> [RECORDED INFORMATION]:
- - -

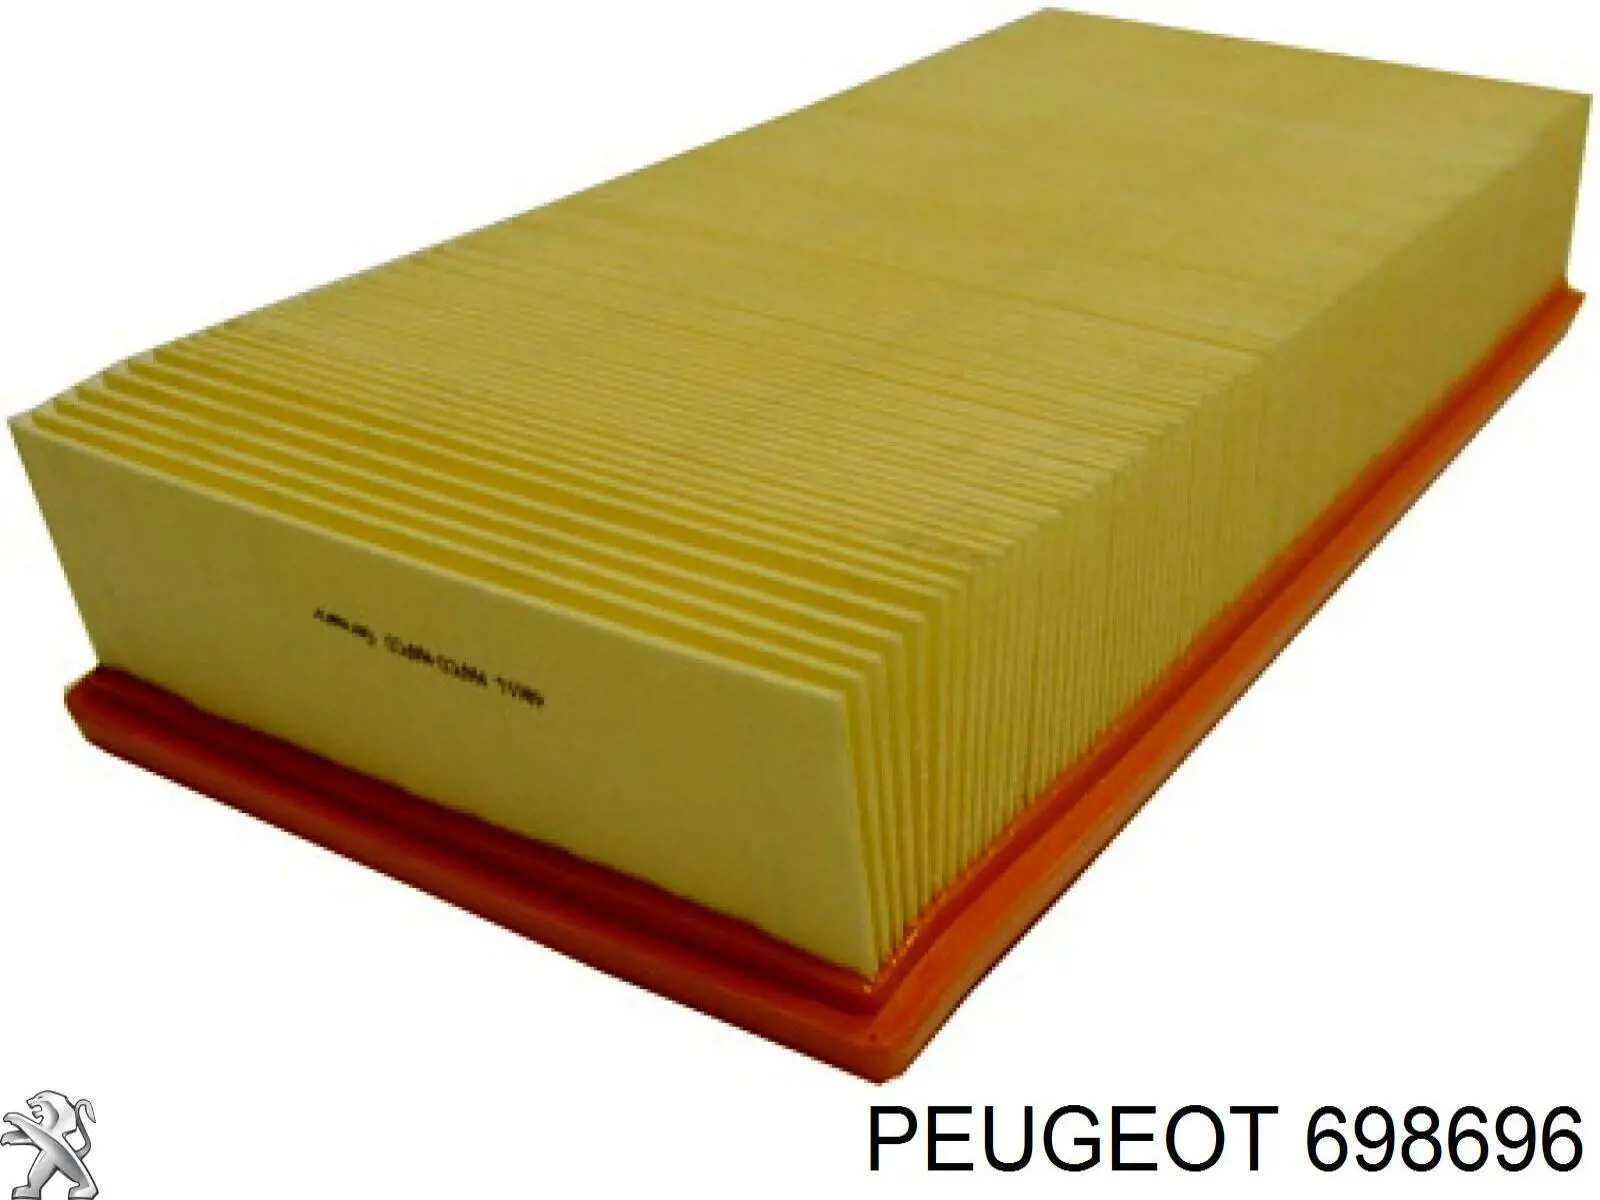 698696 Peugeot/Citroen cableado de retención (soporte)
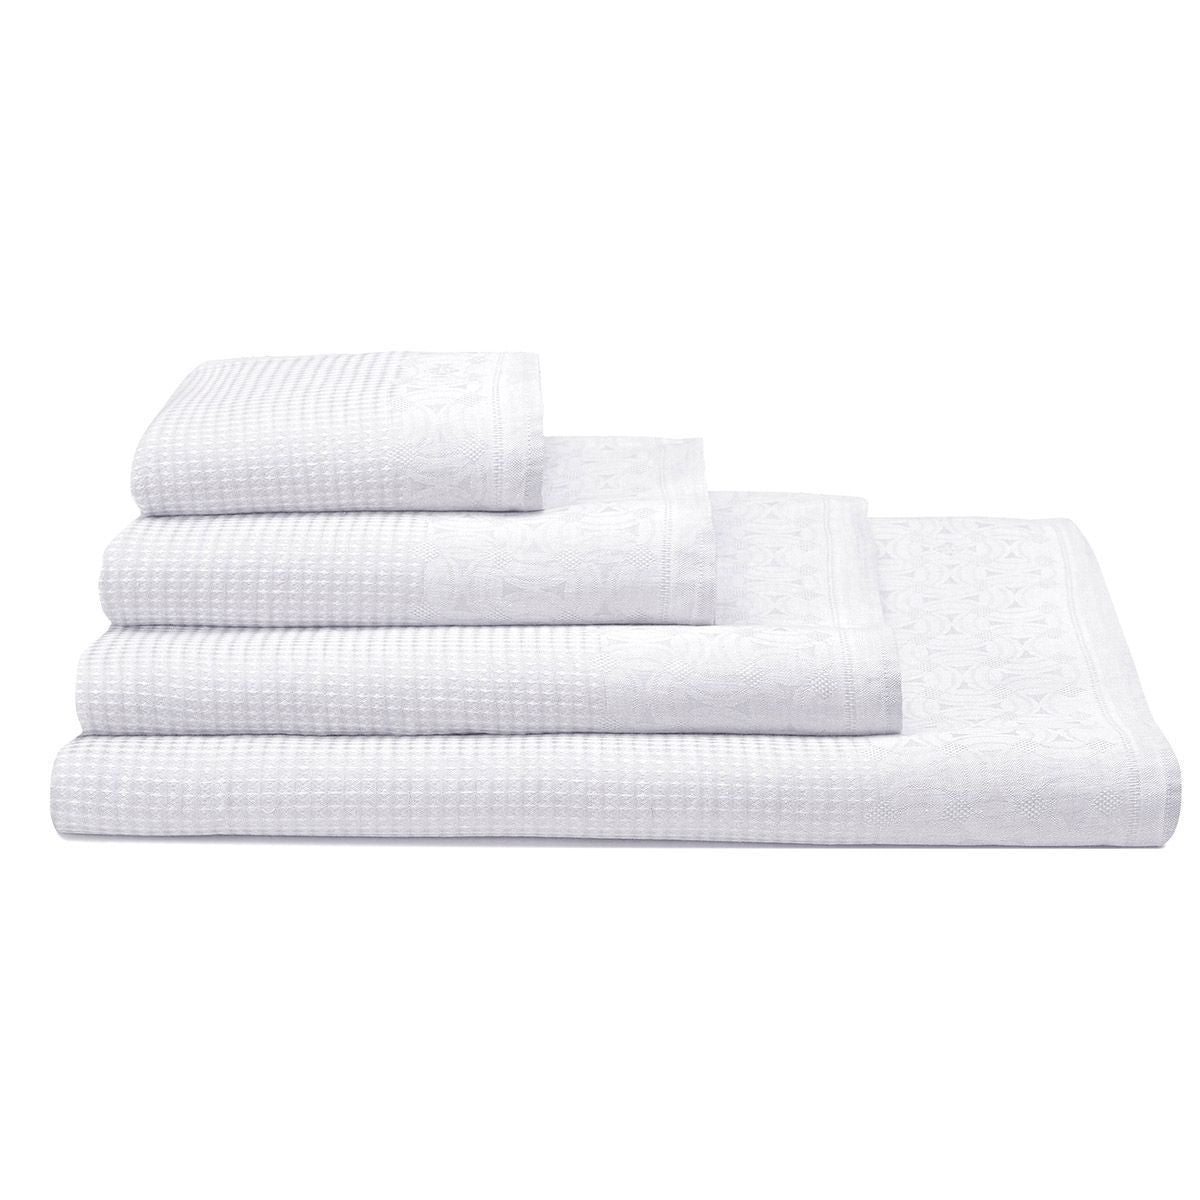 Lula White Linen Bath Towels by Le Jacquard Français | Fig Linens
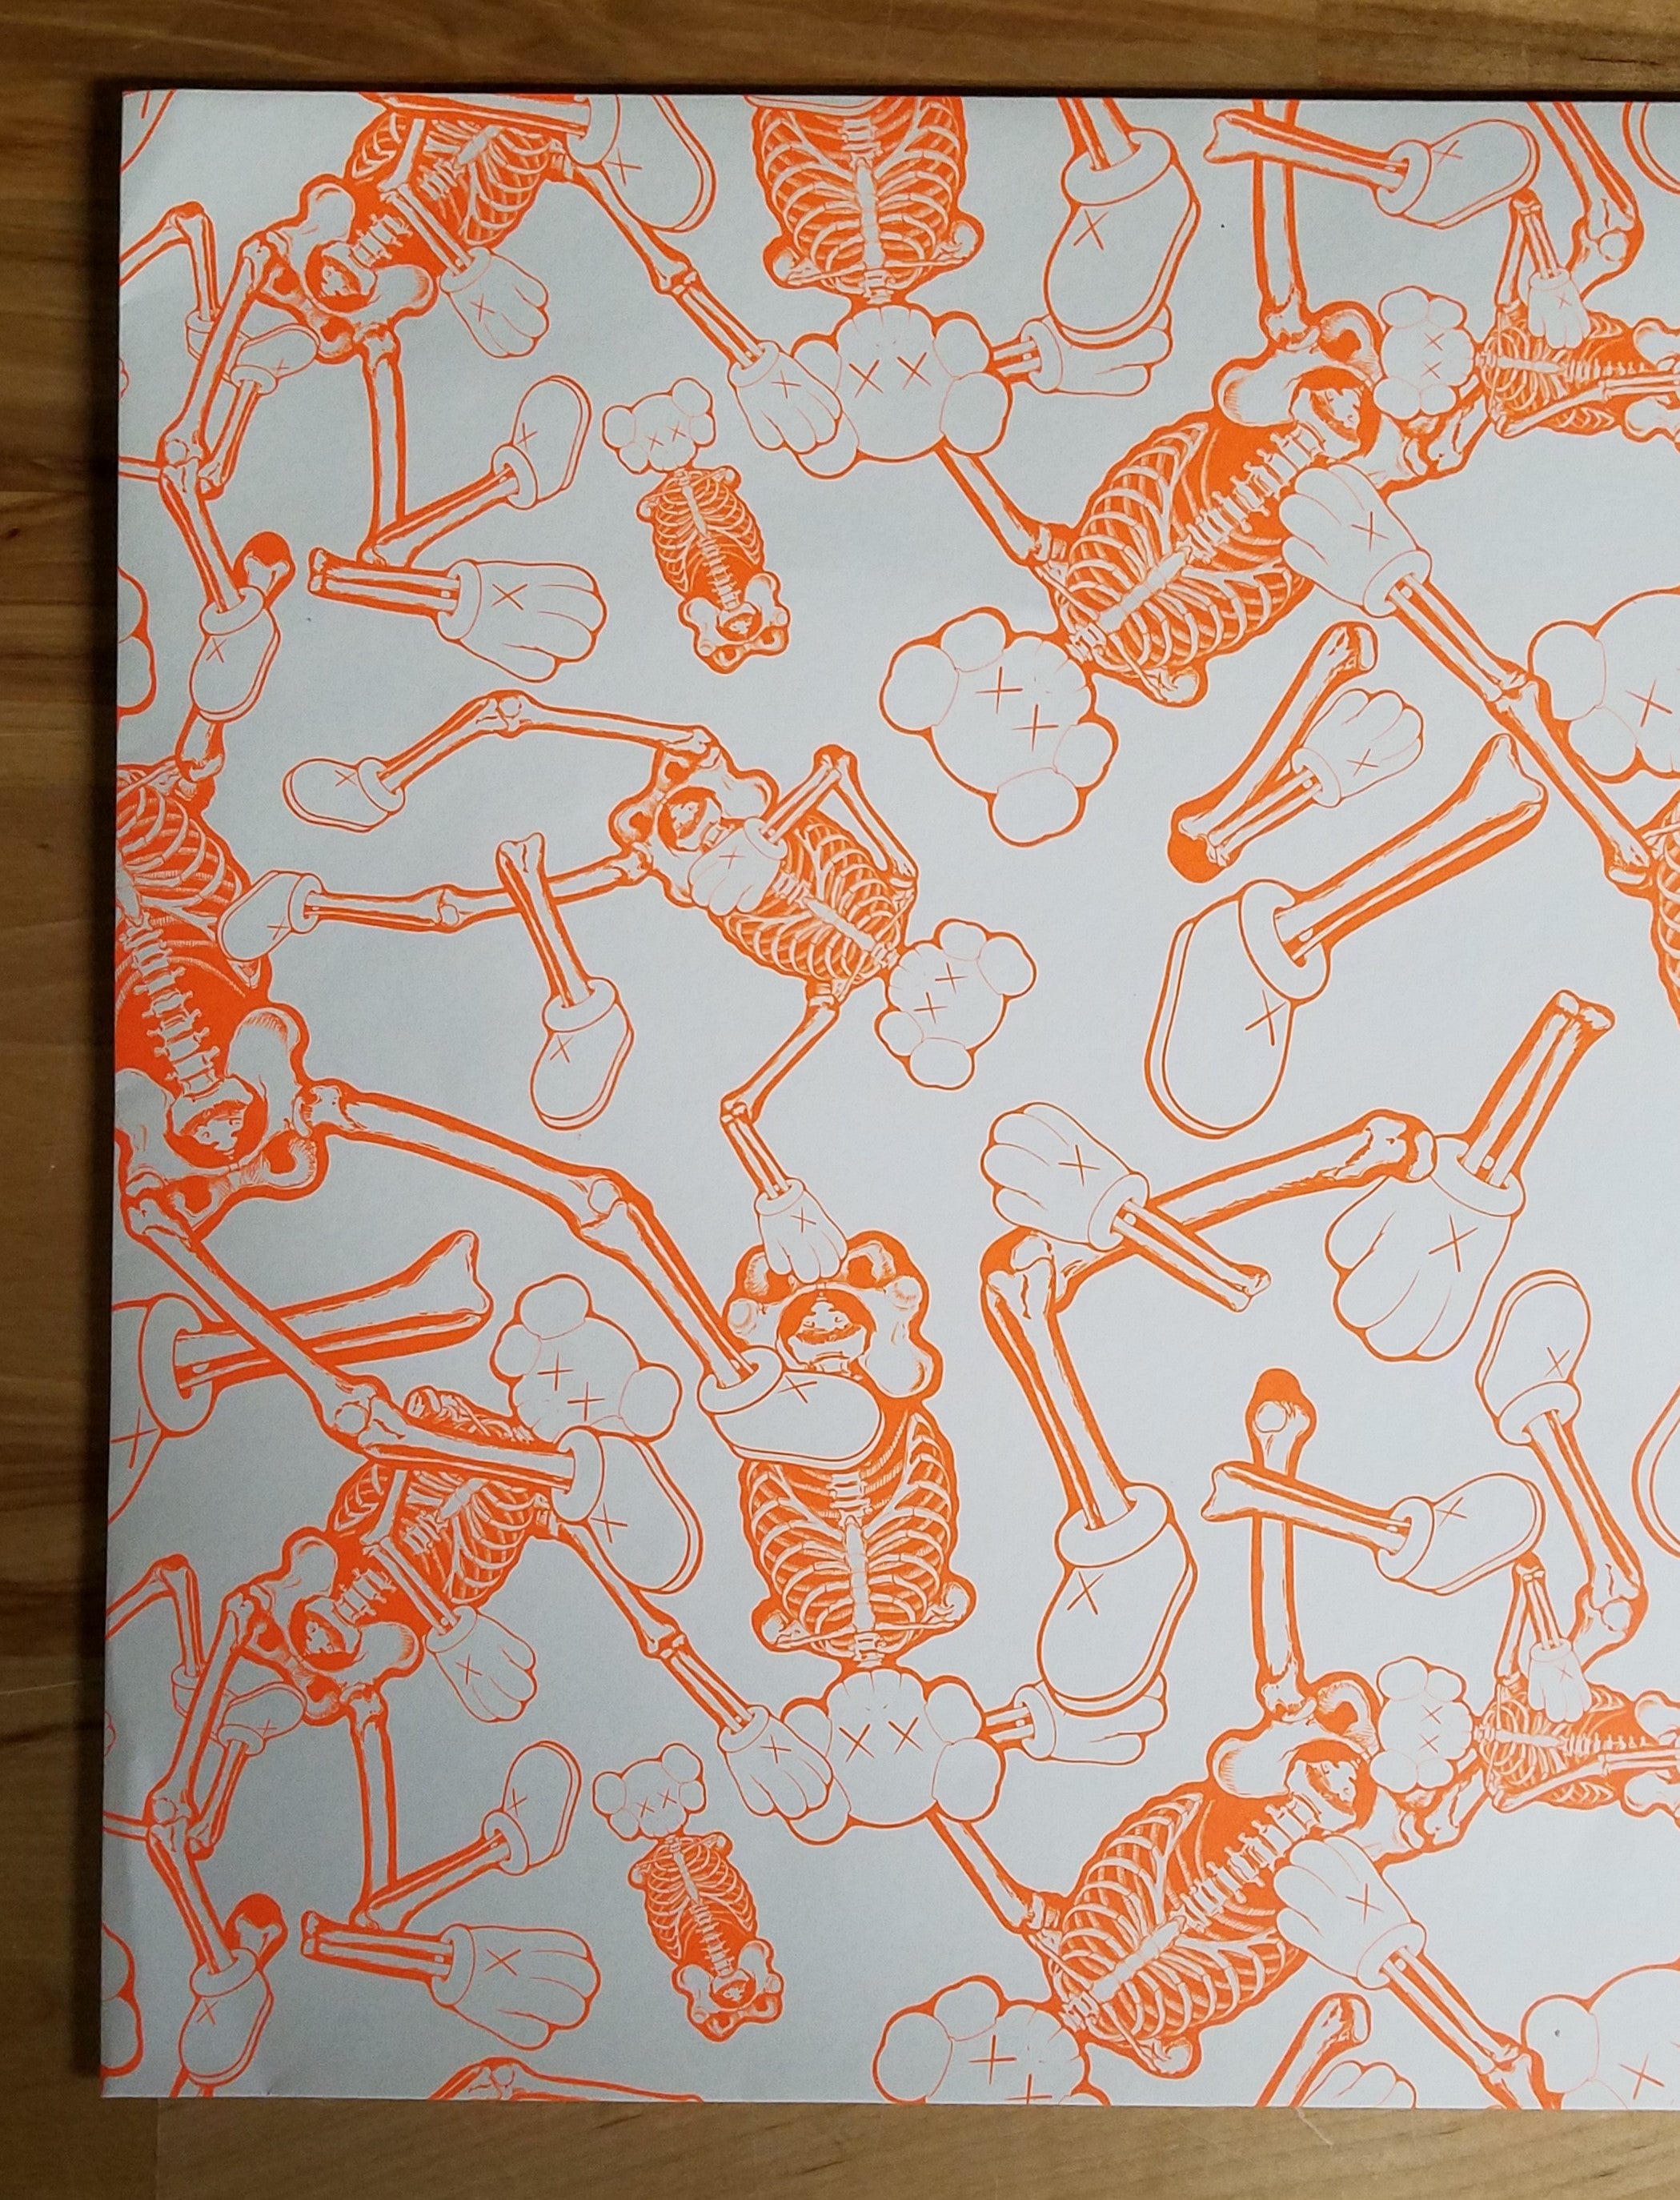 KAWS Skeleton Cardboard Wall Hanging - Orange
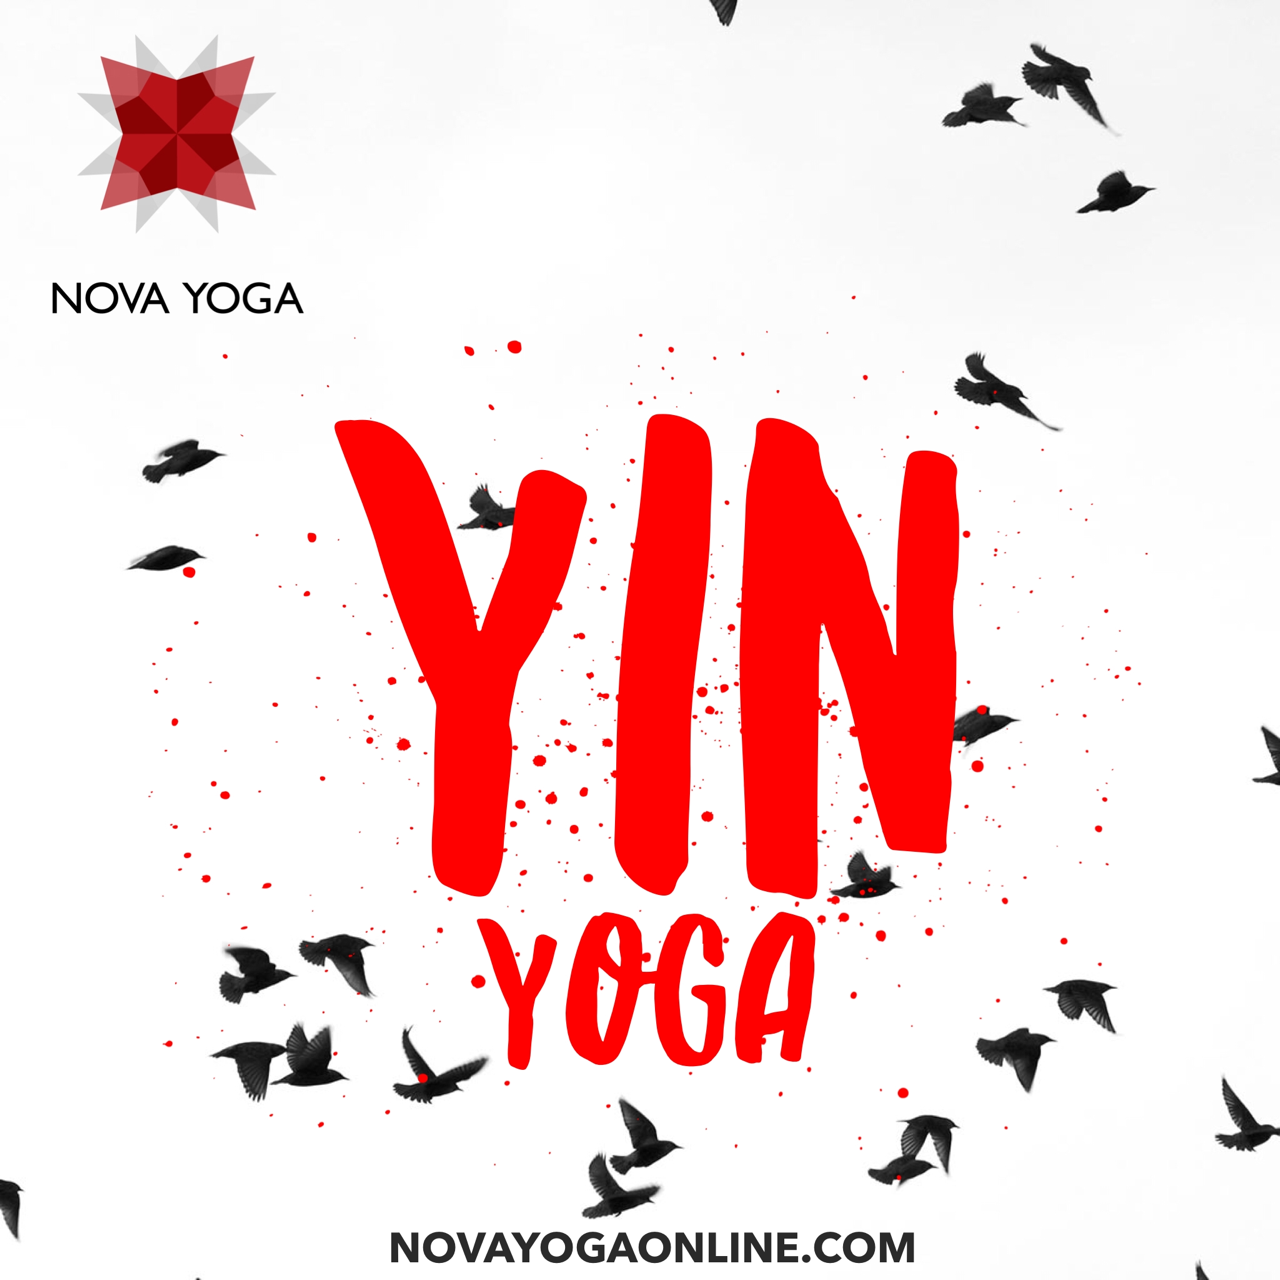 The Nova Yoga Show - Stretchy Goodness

- - -

> [REQUIRED WORK]:
From start to finish, output the listing exactly, but omit its pictures.

> [ANSWER TO THE PROBLEM]:
 698696 Peugeot/Citroen cableado de retención (soporte)
 Lula White Linen Bath Towels by Le Jacquard Français | Fig Linens
 KAWS Skeleton Cardboard Wall Hanging - Orange
 The Nova Yoga Show - Stretchy Goodness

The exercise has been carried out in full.